§ **Provided material**:
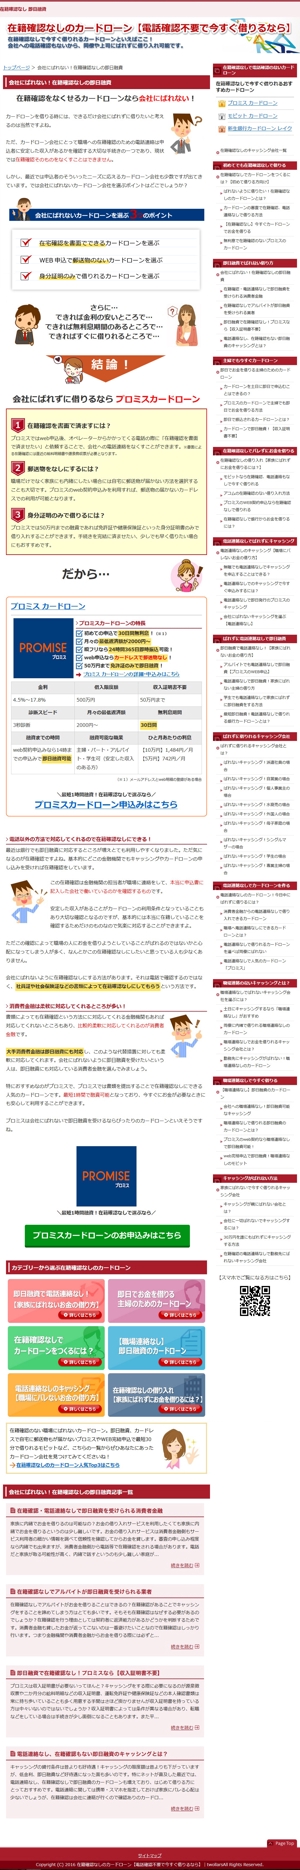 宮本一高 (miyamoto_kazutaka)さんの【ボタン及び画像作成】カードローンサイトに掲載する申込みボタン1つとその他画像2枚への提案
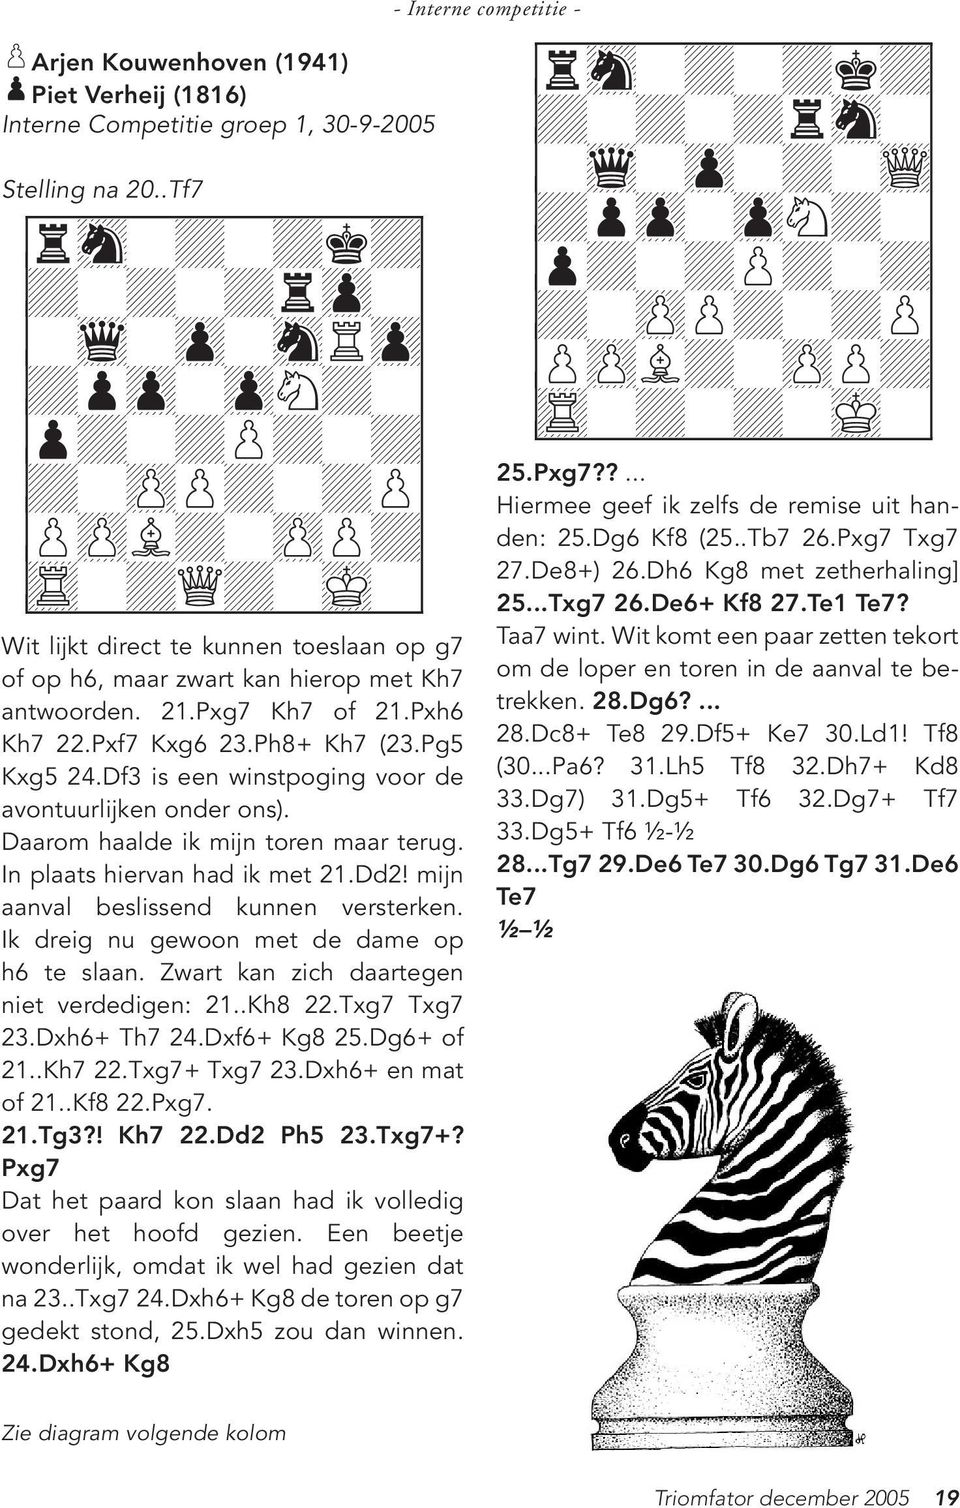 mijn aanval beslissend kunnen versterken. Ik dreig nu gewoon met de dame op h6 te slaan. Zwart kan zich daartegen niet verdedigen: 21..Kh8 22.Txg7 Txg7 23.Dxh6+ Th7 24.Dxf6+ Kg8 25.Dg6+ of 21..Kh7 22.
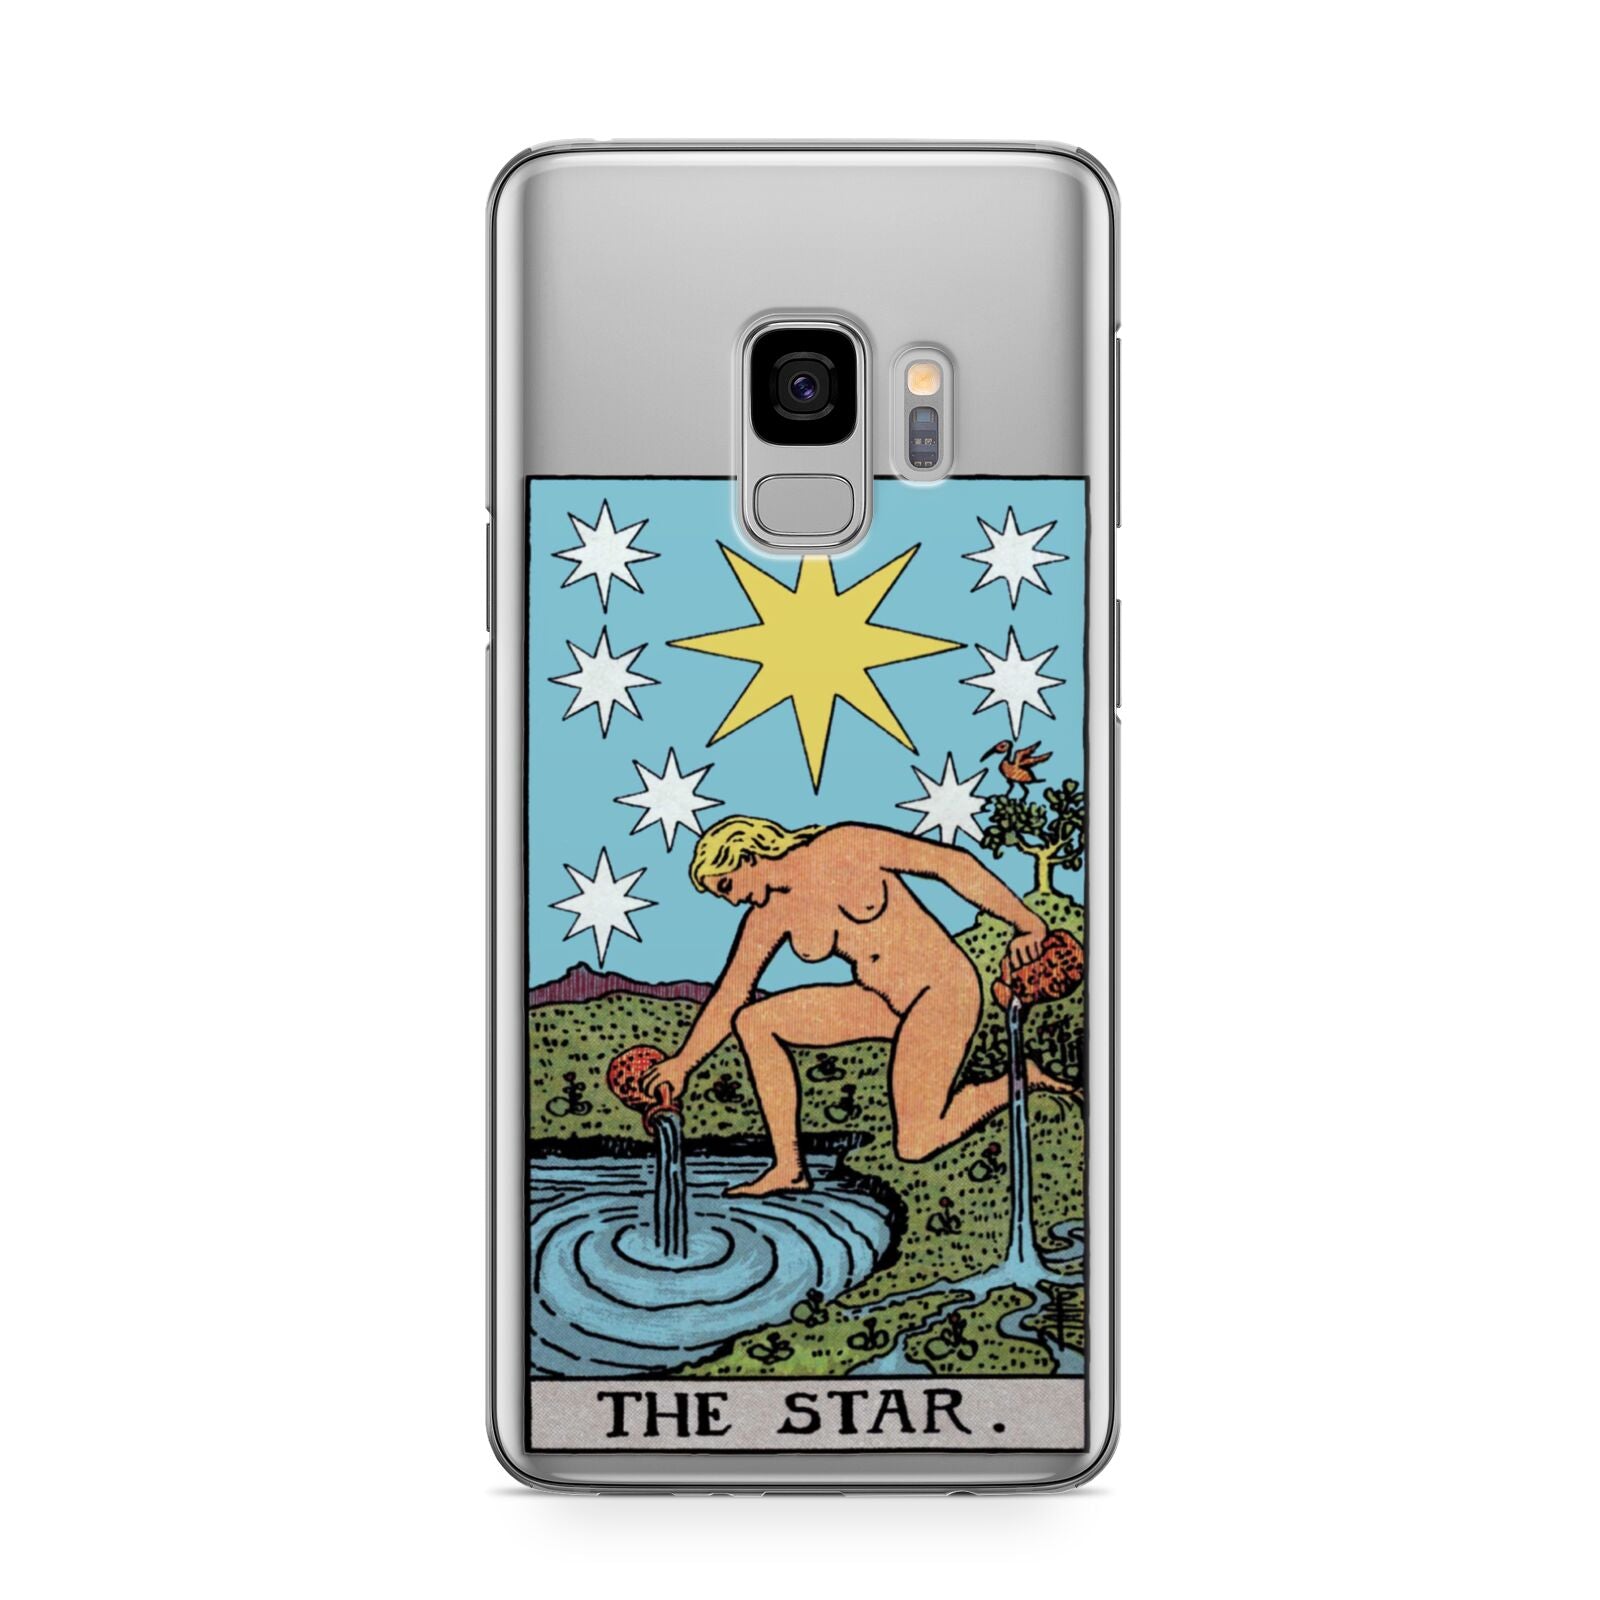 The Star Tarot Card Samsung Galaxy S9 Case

§ **Directions**:
To complete the exercise, return the listing above exactly and omit its pictures.

§ **Solved exercise**:
 宮本一高 (miyamoto_kazutaka)さんの【ボタン及び画像作成】カードローンサイトに掲載する申込みボタン1つとその他画像2枚への提案
 mijn aanval beslissend kunnen versterken. Ik dreig nu gewoon met de dame op h6 te slaan. Zwart kan zich daartegen niet verdedigen: 21..Kh8 22.Txg7 Txg7 23.Dxh6+ Th7 24.Dxf6+ Kg8 25.Dg6+ of 21..Kh7 22.
 The Star Tarot Card Samsung Galaxy S9 Case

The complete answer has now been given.